Statutory Restriction on the Use of Mifepristone
{¶ 27} The provisions of R.C. 2919.123 are not ambiguous. It allows physicians to provide or prescribe mifepristone to a patient to induce an abortion only if “the physician provides the RU-486 (mifepristone) * * * in accordance with all provisions of federal law that govern the use of RU-486 (mifepristone) for inducing abortions.” Pursuant to R.C. 2919.123(F)(1), “ ‘Federal law’ means * * * any drug approval letter of the food and drug administration of the United States that governs or regulates the use of RU-486 (mifepristone) for the purpose of inducing abortions.” (Emphasis added.) Accordingly, the statute restricts physicians to using mifepristone to induce abortions in accordance with the FDA’s drug approval letters governing or regulating mifepristone for that purpose.
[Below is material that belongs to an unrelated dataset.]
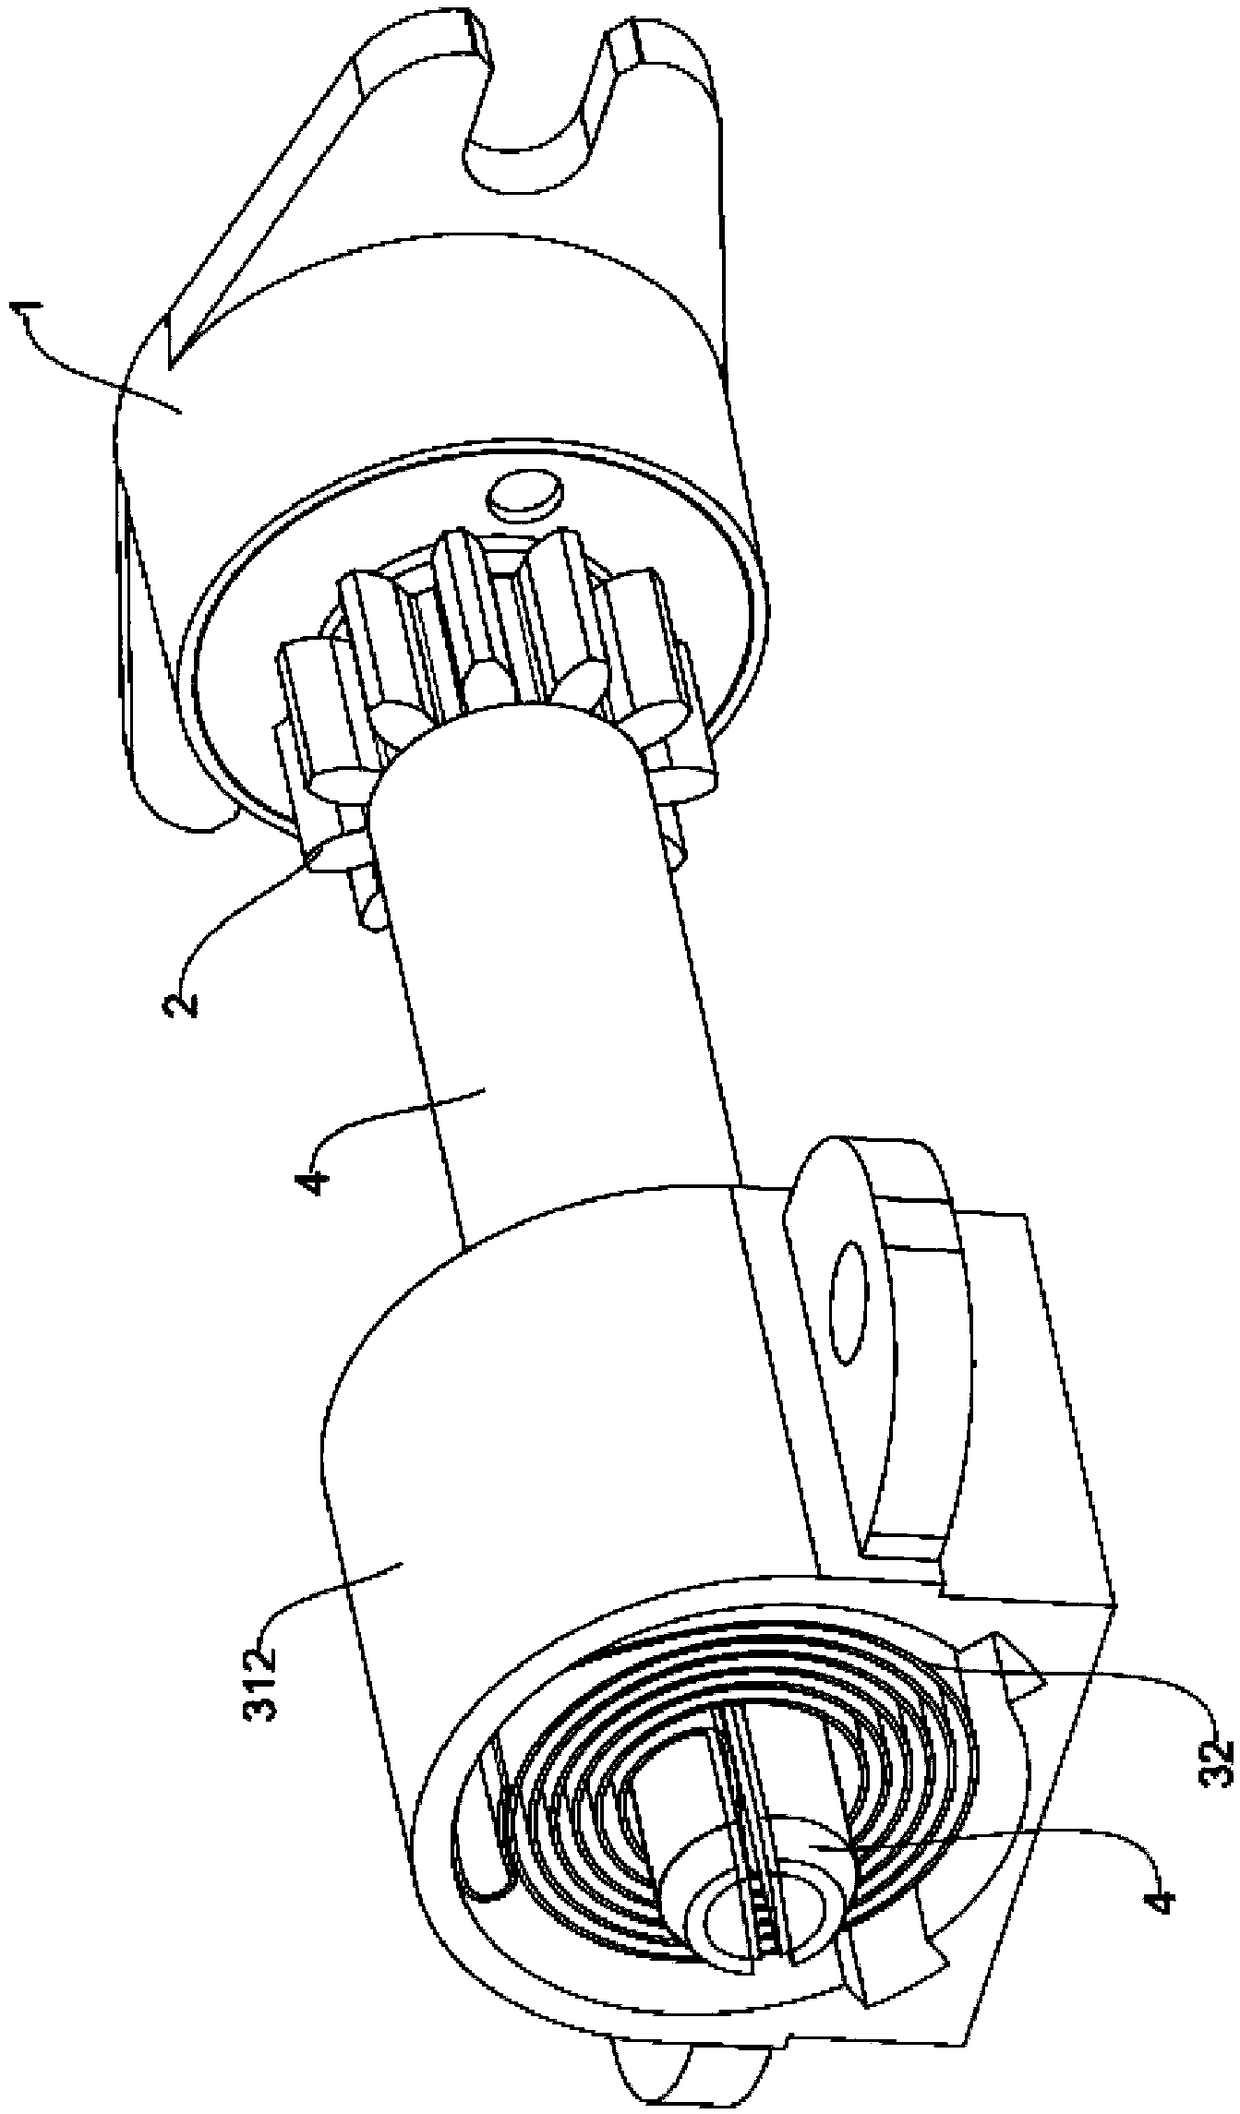 Transmission mechanism and washing machine

{¶ 28} In approving mifepristone for use, the FDA imposed postapproval restrictions “to assure safe use of the drug product” pursuant to its authority under 21 C.F.R. 314.520. In its brief, Planned Parenthood admits that “the FDA, in its Approval Letter, imposed * * * restrictions on physicians who dispense mifepristone,” explaining that mifepristone “must be provided by or under the supervision of a physician who meets” the qualifications that appear in the drug approval letter. These qualifications govern and regulate the use of mifepristone to induce abortions by mandating that physicians who do not meet these [367]*367qualifications may not provide mifepristone to induce abortions. Further, the drug approval letter refers to the labeling text, which includes the Prescriber’s Agreement, which requires physicians to agree to comply with the postapproval restrictions imposed by the FDA. Therefore, we conclude that the drug approval letter in this ease “governs or regulates the use of RU-486 (mifepristone) for the purpose of inducing abortions.” R.C. 2919.123(F)(1).
Administration of Mifepristone in Accordance with the FDA Approval Letter
{¶ 29} A physician provides mifepristone in accordance with the drug approval letter by administering the drug in conformity with the medical regimen approved by the FDA in that letter. R.C. 2919.123 thus requires physicians in Ohio to conform their use of mifepristone for the purpose of inducing abortions to any gestational limit, dosage indications, or treatment protocols set forth in the drug approval letter.
{¶ 30} The FDA drug approval letter states that the “new drug application provides for the use of [mifepristone] for the medical termination of intrauterine pregnancy through 49 days’ pregnancy.” The FDA concluded on review of the application that “adequate information has been presented to approve [mifepristone] for use as recommended in the agreed upon labeling text.” Thus, the FDA based its approval of mifepristone on its use as recommended in the labeling text, thereby incorporating that text into its letter of approval. The FDA labeling text specifically provides that “[m]ifepristone is indicated for use in the termination of pregnancy (through 49 days’ pregnancy) and has no other approved indication for use during pregnancy.” The drug approval letter and the labeling text indicate that the FDA approved the use of mifepristone for use through, but not beyond, the 49th day of pregnancy (“dated from the first day of the last menstrual period”). Administering mifepristone to induce an abortion beyond the 49th day of pregnancy would not be in accordance with the drug approval letter.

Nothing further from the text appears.